Anyway, it's 10pm. Did yardwork once I got home.. weedeaters are fun!.. and had my learning team online chat. I now must go shower and go to bed so I will be useful in the morning.

ALERT. BITCHY RANT FOLLOWING....

I am SO not happy with my job right now.. we had some major weather systems come through here on Friday 4/7 which came pretty close to my work. There are 3 floors and 2 wings to the building; the entire east wing is empty, as is the third floor of the west wing. I work on the first floor of west, therefore 1W. Severe thunderstorm warnings & tornado watches and warnings all friggin day; however, it did not even rain at my work til almost 3:30pm. This may have contributed to the following decision, I don't know.
Here's what basically happened; at about 4pm one of the guys from 2W came down to get his 7 1/2mos pregnant wife who works with me. He said Long Term Care (the company he works for, used to own who I work for, loooong story) was evacuating the building due to tornado warnings around the airport. The 50 or so people who work on 2W had been in the interior hallway since about 3:15pm, and their management had decided to send them home.
WE DID NOT HEAR A SINGLE DAMNED THING FROM OUR MANAGEMENT. NOTHING. NADA. ZIP. ZERO.
They were being sent home whilst we were answering phones and completely unaware of anything close. Most of us had one of the local weather websites up (Channel 5, Ch 4, Weather.com, something) but no streaming video (won't let us) or internet radio (ditto, eats up too much bandwidth sez the IT gods. whatever). One person had a radio on our floor and heard about a warning near the airport; brought it to supervisor's attention but don't know what happened to it after that. Bad thing is, one of the assistant supervisors has family that lives in Sumner Co; she was absolutely frantic and could not wait to get out of there to go check on her dad & grandmother.
Here's my thing: If management's decision is to keep us on the phones, at least make it look like you give a shit by saying, "we think you'll be safer here than out on the street trying to get home" or some bullshit like that. We didn't even get that. I am really trying to see why I should stay with a company who would rather us meet their fucking service levels than see if their employees are safe or not.
I am seriously considering looking for another job. In Nashville's market right now, that is not an easy decision to make. I have to pray and think about it, ask advice, network, etc. I am going to need a lot of help and support.

y'know, I really should post more often.

got this from a blog i read most every day at lunch. topic this day was slamming Alec Baldwin (guy from Red October, Kim Basinger's ex) where Ann Coulter got him between the legs, so to speak. referring to him as Arec Bardwin referencing the movie Team America where Kim Jong-Il calls him that.. found this nifty bit o'wisdom...

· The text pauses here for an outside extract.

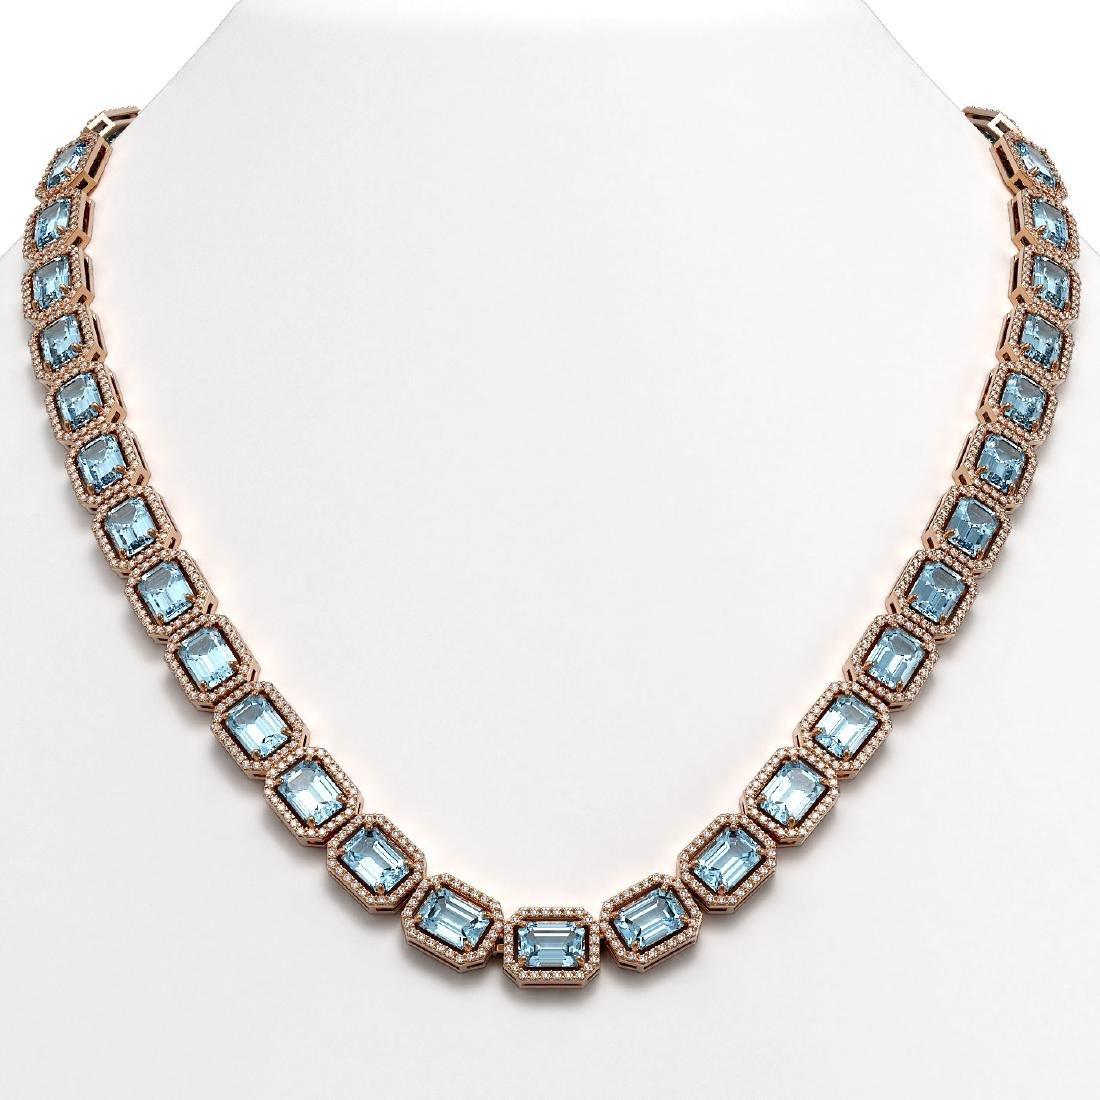 54.79 CTW Aquamarine & Diamond Halo Necklace 10K Rose

The tactic of shouting down a speaker to prevent them from speaking is not a valid expression of freedom of speech. Rather the contrary.

Found this bit o'misogyny too from Lileks...

As for Katie Couric taking over the CBS news: if you spot me a whoop, I could probably muster a de-do, but I'd have to borrow the de, and I'm not putting down a deposit. My paper has the story on the front page, above the fold, with a big photo of La Femme Perqui (SNORT !! ..ed.); the headline reads NEW ANCHOR, NEW ERA.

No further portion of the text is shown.